**Dataset excerpts:**
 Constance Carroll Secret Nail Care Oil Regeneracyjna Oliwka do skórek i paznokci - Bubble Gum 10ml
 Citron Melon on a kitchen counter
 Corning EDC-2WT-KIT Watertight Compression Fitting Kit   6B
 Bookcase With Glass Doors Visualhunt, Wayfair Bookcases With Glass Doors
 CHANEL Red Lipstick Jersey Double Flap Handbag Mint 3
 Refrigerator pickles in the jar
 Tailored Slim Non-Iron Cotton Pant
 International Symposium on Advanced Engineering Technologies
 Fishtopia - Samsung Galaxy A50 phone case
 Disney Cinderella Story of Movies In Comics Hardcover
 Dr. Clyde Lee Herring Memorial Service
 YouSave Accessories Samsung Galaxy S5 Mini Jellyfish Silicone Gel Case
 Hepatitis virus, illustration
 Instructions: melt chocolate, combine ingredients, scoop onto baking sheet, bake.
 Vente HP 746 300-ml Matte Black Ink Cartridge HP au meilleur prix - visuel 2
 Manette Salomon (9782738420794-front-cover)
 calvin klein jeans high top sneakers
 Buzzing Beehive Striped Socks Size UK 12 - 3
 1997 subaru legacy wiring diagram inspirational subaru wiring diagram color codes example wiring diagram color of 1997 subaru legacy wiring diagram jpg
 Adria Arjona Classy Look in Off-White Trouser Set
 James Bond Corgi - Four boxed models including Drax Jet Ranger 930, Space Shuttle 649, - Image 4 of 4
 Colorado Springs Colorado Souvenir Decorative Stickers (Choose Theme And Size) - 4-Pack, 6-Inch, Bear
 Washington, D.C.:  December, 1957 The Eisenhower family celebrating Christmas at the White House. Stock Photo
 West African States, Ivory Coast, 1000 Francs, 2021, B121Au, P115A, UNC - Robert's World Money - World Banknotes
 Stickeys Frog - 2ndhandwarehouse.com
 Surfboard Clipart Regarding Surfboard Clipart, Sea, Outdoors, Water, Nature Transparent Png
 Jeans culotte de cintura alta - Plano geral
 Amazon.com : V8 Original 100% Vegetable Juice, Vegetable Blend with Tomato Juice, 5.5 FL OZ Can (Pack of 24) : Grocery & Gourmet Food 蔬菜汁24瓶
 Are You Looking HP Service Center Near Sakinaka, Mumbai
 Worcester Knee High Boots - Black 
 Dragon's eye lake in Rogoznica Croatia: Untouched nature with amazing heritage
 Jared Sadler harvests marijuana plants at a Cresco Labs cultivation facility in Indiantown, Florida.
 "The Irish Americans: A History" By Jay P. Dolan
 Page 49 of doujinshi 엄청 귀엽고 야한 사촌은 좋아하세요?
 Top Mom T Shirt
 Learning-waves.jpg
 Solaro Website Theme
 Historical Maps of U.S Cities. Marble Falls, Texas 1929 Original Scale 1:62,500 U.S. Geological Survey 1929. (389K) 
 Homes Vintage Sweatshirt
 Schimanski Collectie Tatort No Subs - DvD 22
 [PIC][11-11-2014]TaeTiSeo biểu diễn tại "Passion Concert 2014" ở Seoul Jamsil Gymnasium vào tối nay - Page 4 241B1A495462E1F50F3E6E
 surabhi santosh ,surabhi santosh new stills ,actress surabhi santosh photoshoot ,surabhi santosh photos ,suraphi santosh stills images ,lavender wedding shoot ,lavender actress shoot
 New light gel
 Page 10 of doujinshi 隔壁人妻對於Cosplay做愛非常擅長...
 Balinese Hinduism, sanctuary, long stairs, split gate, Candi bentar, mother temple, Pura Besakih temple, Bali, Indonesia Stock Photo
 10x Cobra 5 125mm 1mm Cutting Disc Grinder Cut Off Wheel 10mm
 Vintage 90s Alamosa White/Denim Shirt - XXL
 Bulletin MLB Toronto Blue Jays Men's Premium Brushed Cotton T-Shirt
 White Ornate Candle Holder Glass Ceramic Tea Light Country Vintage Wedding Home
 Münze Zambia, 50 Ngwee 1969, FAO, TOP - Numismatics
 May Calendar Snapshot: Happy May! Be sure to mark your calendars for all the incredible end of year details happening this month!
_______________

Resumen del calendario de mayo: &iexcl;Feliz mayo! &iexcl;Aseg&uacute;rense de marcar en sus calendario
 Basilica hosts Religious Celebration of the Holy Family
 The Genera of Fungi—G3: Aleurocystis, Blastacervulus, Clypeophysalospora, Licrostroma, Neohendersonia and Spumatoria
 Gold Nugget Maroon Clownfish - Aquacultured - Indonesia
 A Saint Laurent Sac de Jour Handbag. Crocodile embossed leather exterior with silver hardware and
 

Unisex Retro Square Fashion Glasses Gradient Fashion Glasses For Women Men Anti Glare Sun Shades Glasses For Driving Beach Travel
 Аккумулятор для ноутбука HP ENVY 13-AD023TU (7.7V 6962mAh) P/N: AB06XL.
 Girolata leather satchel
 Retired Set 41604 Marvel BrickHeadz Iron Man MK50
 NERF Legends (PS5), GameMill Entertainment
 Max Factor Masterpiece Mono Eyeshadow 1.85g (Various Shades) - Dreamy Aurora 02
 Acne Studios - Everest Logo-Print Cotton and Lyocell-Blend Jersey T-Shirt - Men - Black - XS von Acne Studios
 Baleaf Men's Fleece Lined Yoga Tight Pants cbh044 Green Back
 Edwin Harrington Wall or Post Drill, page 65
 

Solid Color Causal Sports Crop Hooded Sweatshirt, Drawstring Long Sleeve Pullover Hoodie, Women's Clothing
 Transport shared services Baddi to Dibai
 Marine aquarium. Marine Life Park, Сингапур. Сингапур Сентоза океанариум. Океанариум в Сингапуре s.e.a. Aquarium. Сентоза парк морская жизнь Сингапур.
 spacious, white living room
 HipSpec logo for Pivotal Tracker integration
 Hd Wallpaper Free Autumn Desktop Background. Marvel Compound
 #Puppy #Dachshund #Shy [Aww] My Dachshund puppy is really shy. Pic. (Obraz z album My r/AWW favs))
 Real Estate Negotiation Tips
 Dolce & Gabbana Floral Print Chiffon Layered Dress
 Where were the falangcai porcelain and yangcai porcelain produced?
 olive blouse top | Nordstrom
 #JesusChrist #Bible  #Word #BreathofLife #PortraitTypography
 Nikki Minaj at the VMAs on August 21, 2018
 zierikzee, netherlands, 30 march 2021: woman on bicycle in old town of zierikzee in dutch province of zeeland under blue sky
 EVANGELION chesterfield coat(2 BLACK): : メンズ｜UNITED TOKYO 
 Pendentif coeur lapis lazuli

**HOW TO COMPLETE THIS TASK:**
Looking at the entries above, can you reproduce exactly the lines from the one that holds "Citron Melon on a kitchen counter" through the one that holds "Refrigerator pickles in the jar", and only those?

**ANSWER TO THIS PROBLEM:**
 Citron Melon on a kitchen counter
 Corning EDC-2WT-KIT Watertight Compression Fitting Kit   6B
 Bookcase With Glass Doors Visualhunt, Wayfair Bookcases With Glass Doors
 CHANEL Red Lipstick Jersey Double Flap Handbag Mint 3
 Refrigerator pickles in the jar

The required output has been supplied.